➎ Arthur, le nègre

Enfant, j’ai entendu quelqu’un dire que les nègres étaient des gens qui vivaient le long du fleuve Niger, et cela m’avait tant touché que souvent, la nuit, je filais là-bas. Il n’était pas question de race, ni de couleur, mais d’un lieu où l’on pouvait se rendre, en suivant le fil rouge de la nuit. Je dis cela parce qu’après t’avoir entendu, Arthur, je suis retourné là-bas où je t’ai retrouvé.

Le chemin, pour y aller, n’est pas fait de terre mais de chants, un long ruban de chants, rugueux, longtemps macérés dans l’eau de vie et le sang gâté. J’y ai retrouvé des gens venant de partout, et de tous les temps.
Ils y étaient par choix.
Édouard Glissant, les pieds dans l’eau, conversant, avec Aimé Césaire. James Noël pêchant des écrevisses, juste à la courbe du fleuve, et ce nègre courant, dans la brousse avec un molosse à ses trousses ne peut être que Chamoiseau, et tant d’autres, même Queneau, et Vian, et cette voix qui nous vient du fond de la bananeraie, langoureuse et élégante, comme un hamac l’aurait fait s’il savait chanter, parfois grave et sèche comme une lampée de rhum, pour s’éteindre doucement afin de faire corps avec la nuit : c’est celle d’un jeune homme du nom d’Arthur H.
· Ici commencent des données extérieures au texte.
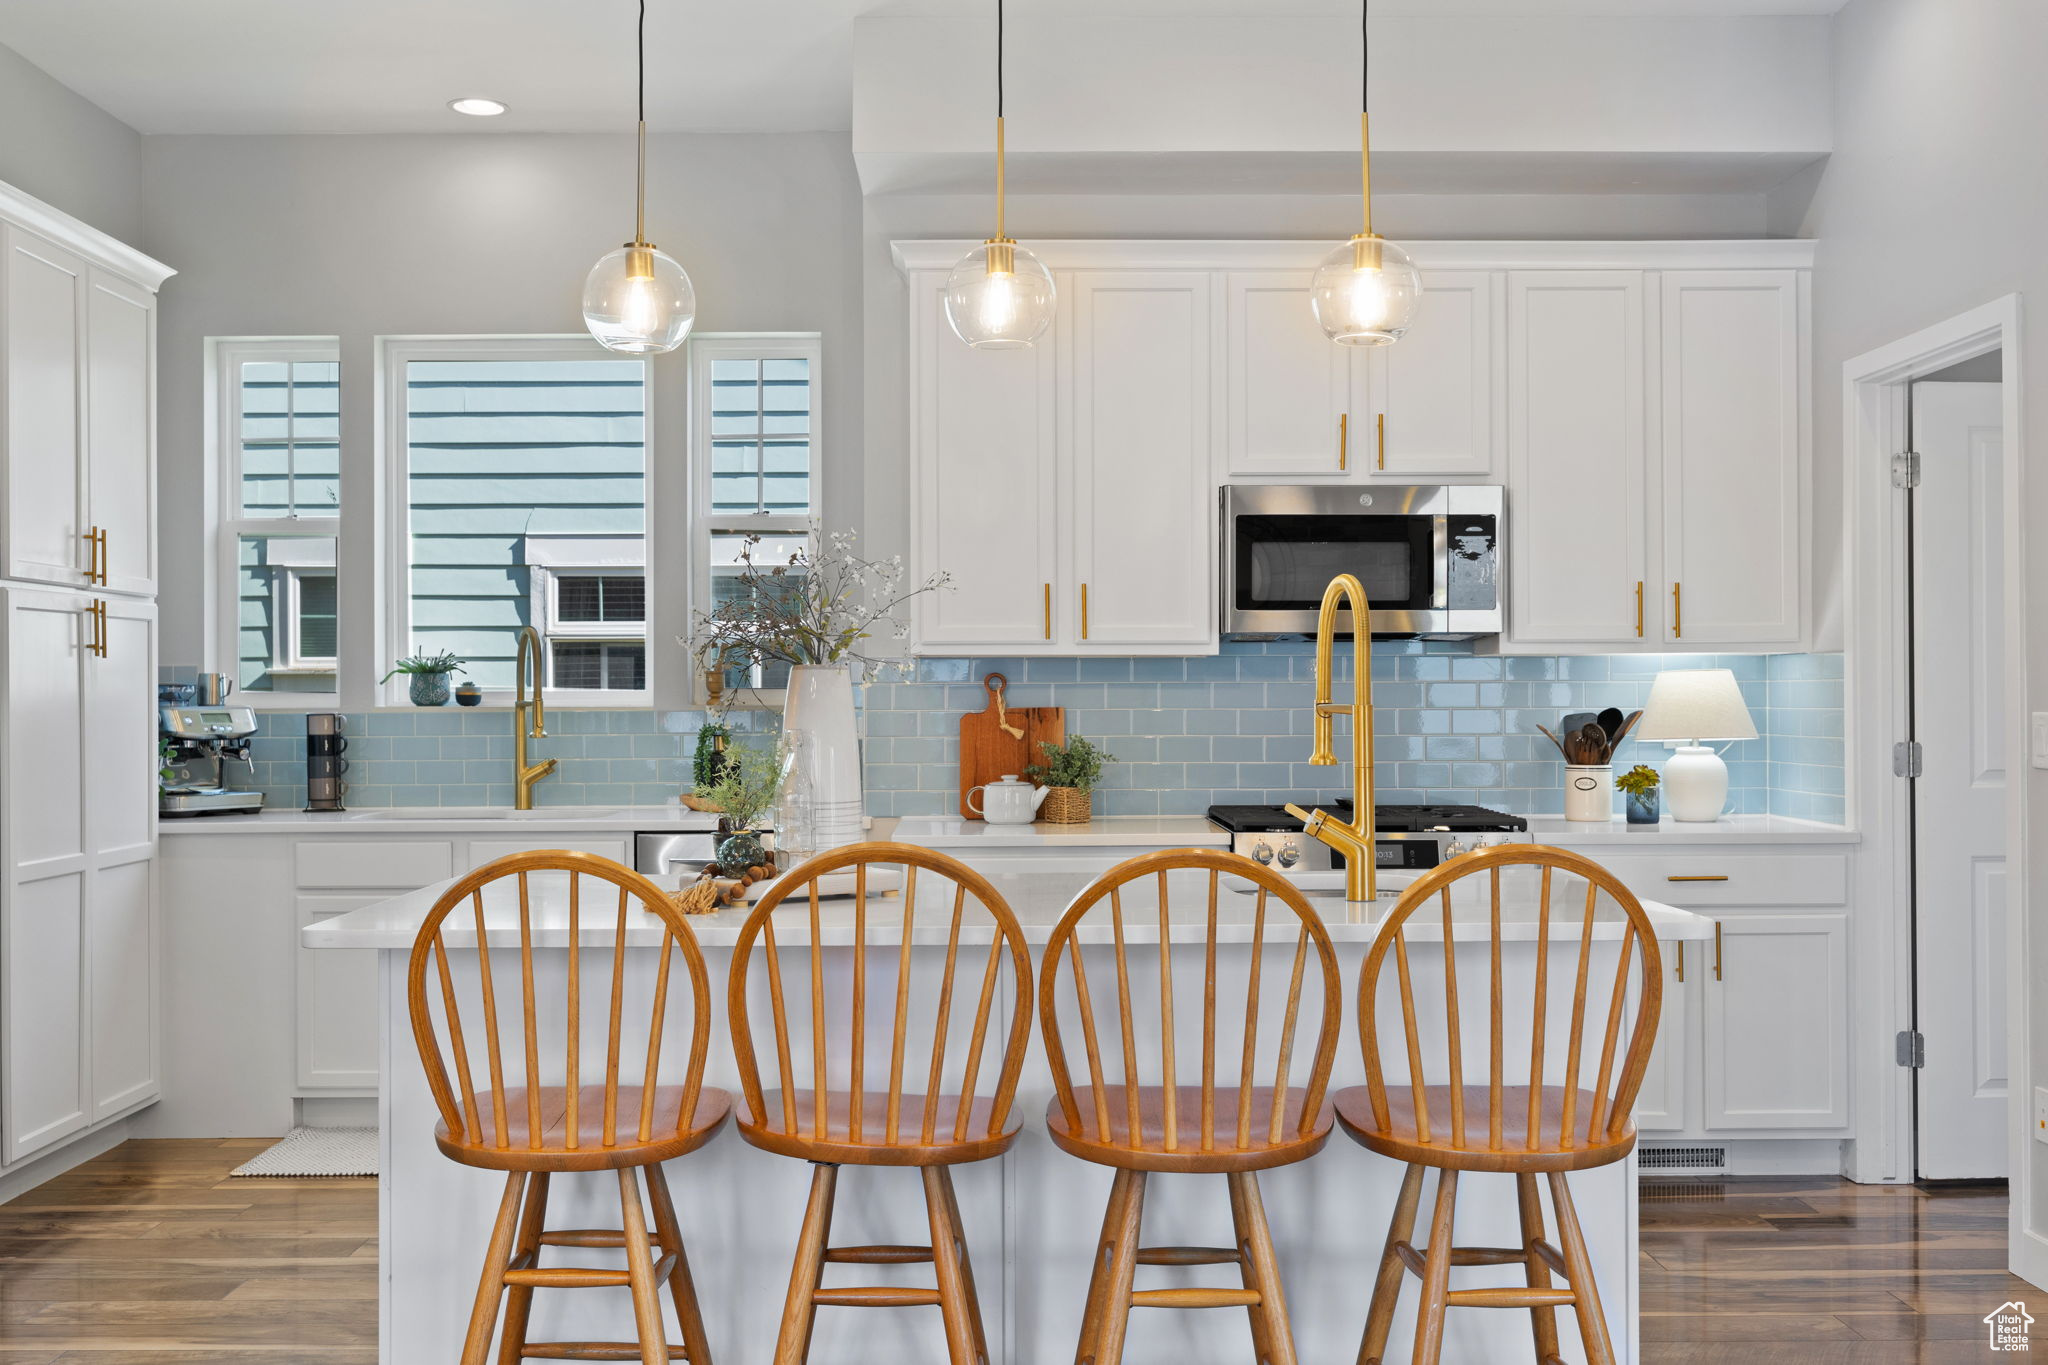 Kitchen featuring backsplash, hardwood / wood-style flooring, white cabinets, and hanging light fixtures
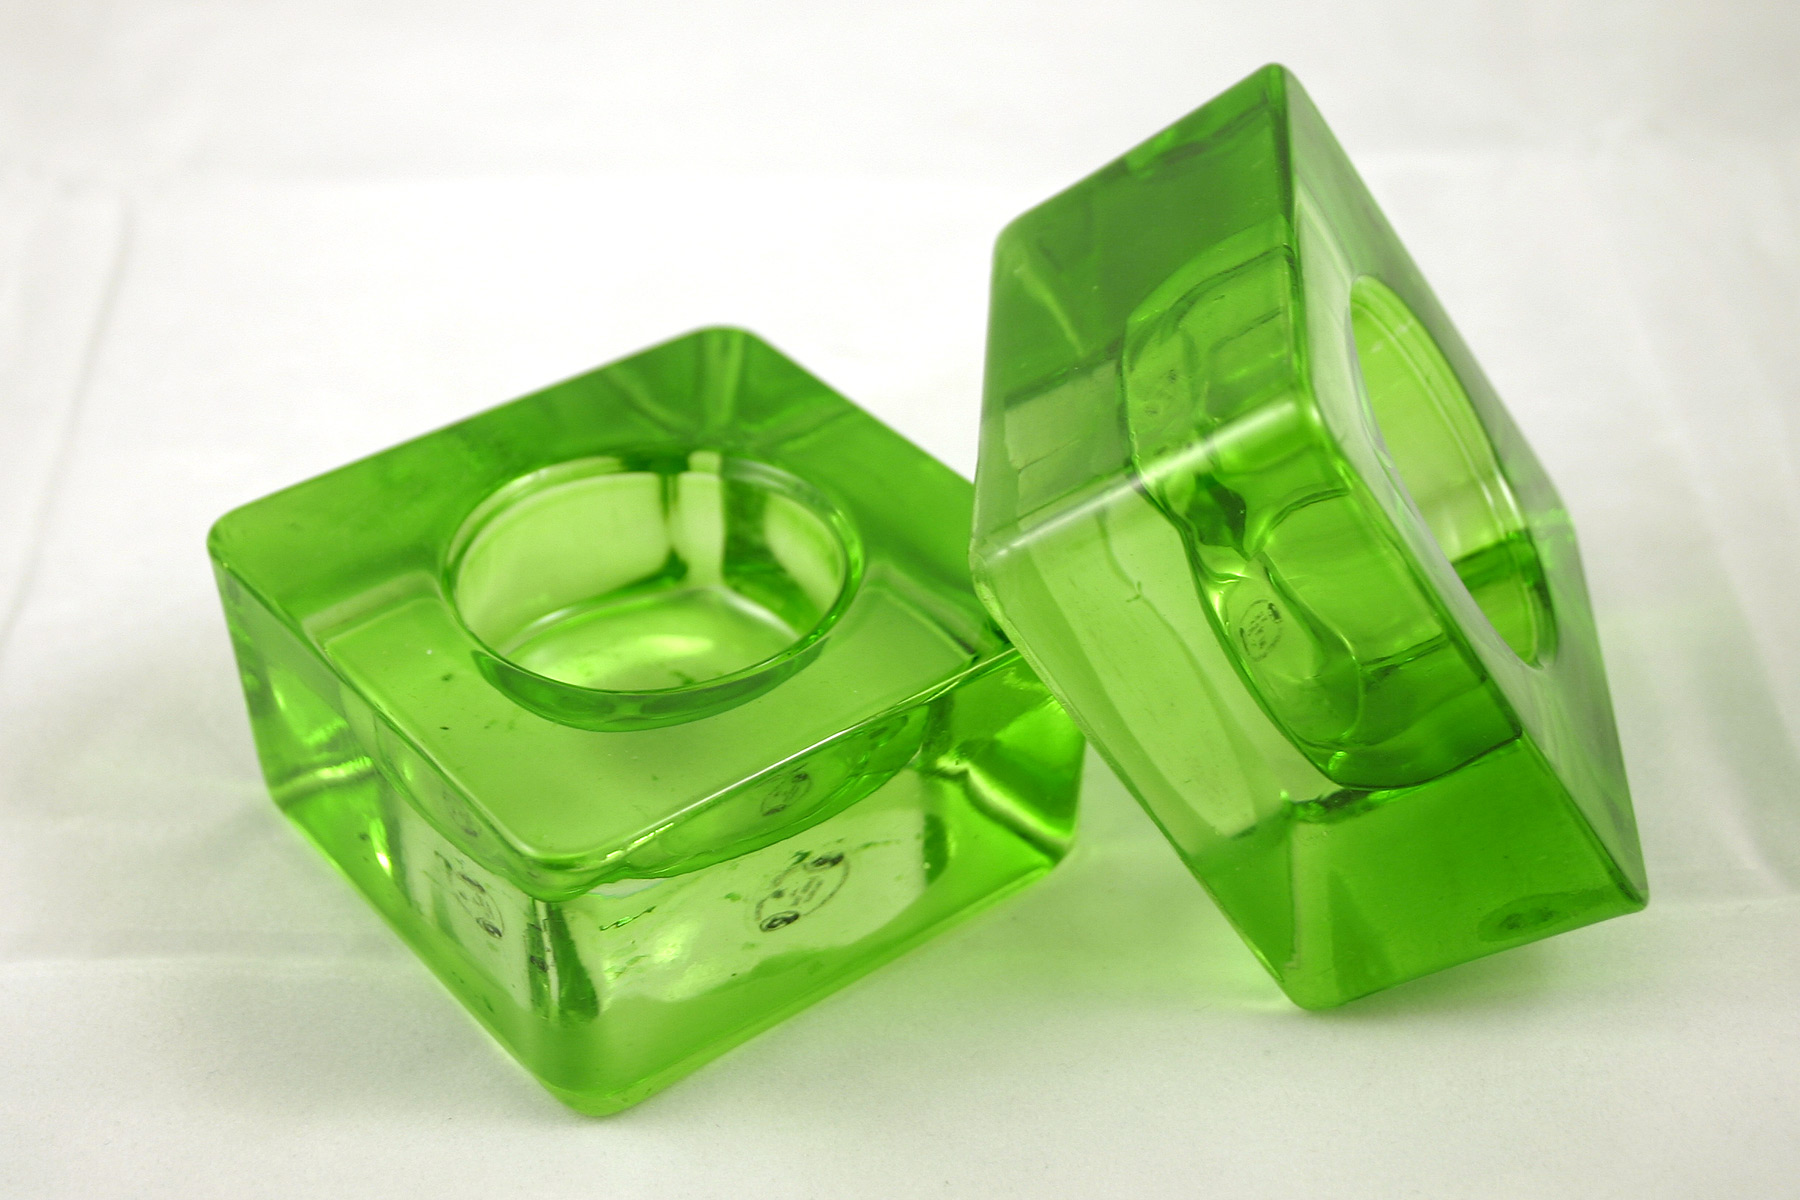 Free photo: Green glass - Glass, Green, Reflective - Free Download - Jooinn

Il a trouvé la route qui mène au fleuve, simplement en murmurant des poèmes ramassés ça et là, et qu’il nous chantera avec son vieux complice Nicolas Repac. Soudain, Aimé Césaire s’est retourné pour lui demander de rejoindre le petit groupe de poètes nègres morts. Quand l’aube s’est agitée et qu’il fallait revenir à la surface du jour, Arthur a voulu y rester et depuis je suis sans nouvelles de lui.